▶ **RECORDS SHOWN**
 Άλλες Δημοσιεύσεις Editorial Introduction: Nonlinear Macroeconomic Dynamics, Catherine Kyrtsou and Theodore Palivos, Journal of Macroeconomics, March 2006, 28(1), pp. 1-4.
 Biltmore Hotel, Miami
==
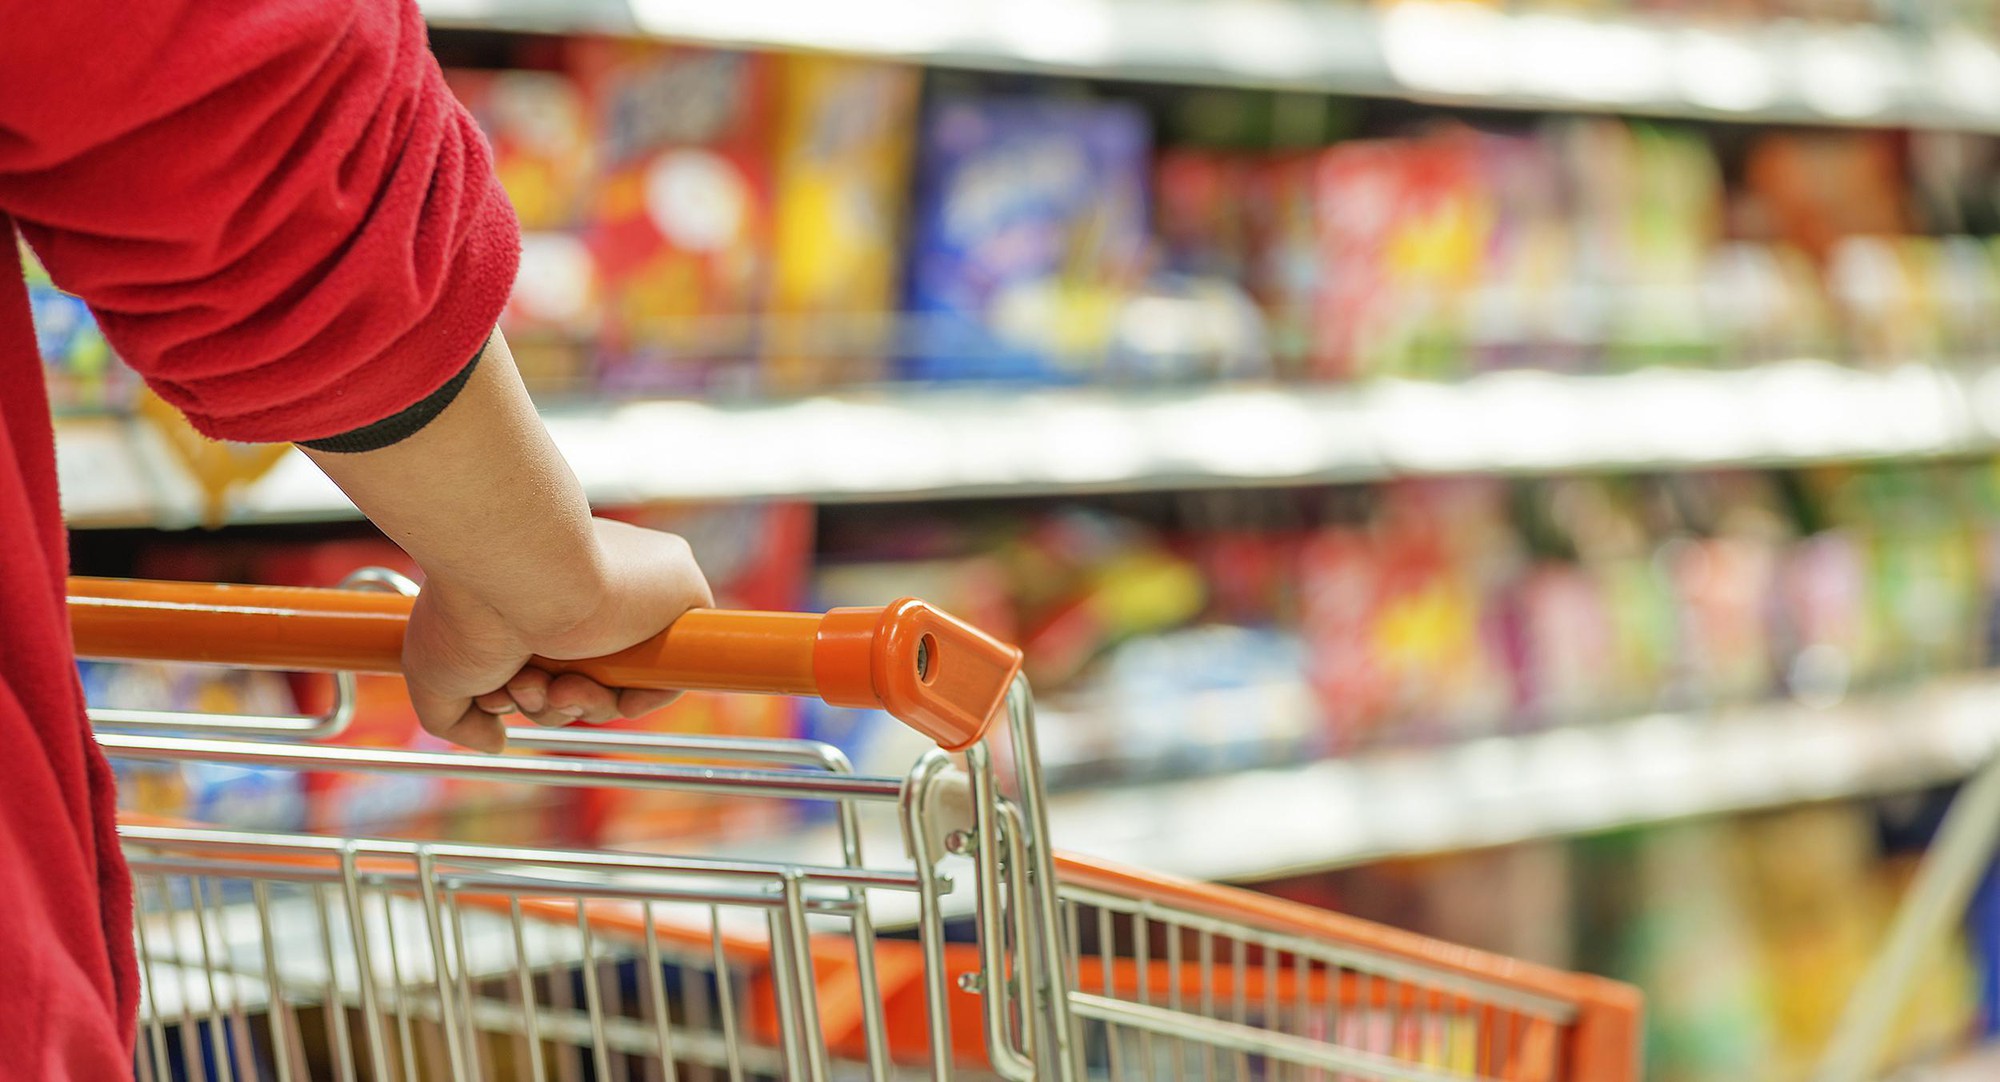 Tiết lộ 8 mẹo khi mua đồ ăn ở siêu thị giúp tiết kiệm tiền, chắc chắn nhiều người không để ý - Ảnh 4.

▶ **TASK TO CARRY OUT**
The required answer is the exact run of lines above starting at the line with "Άλλες Δημοσιεύσεις Editorial" and ending at the line with "Biltmore Hotel, Miami", with both ends present.

▶ **SOLUTION TO THIS TASK**
 Άλλες Δημοσιεύσεις Editorial Introduction: Nonlinear Macroeconomic Dynamics, Catherine Kyrtsou and Theodore Palivos, Journal of Macroeconomics, March 2006, 28(1), pp. 1-4.
 Biltmore Hotel, Miami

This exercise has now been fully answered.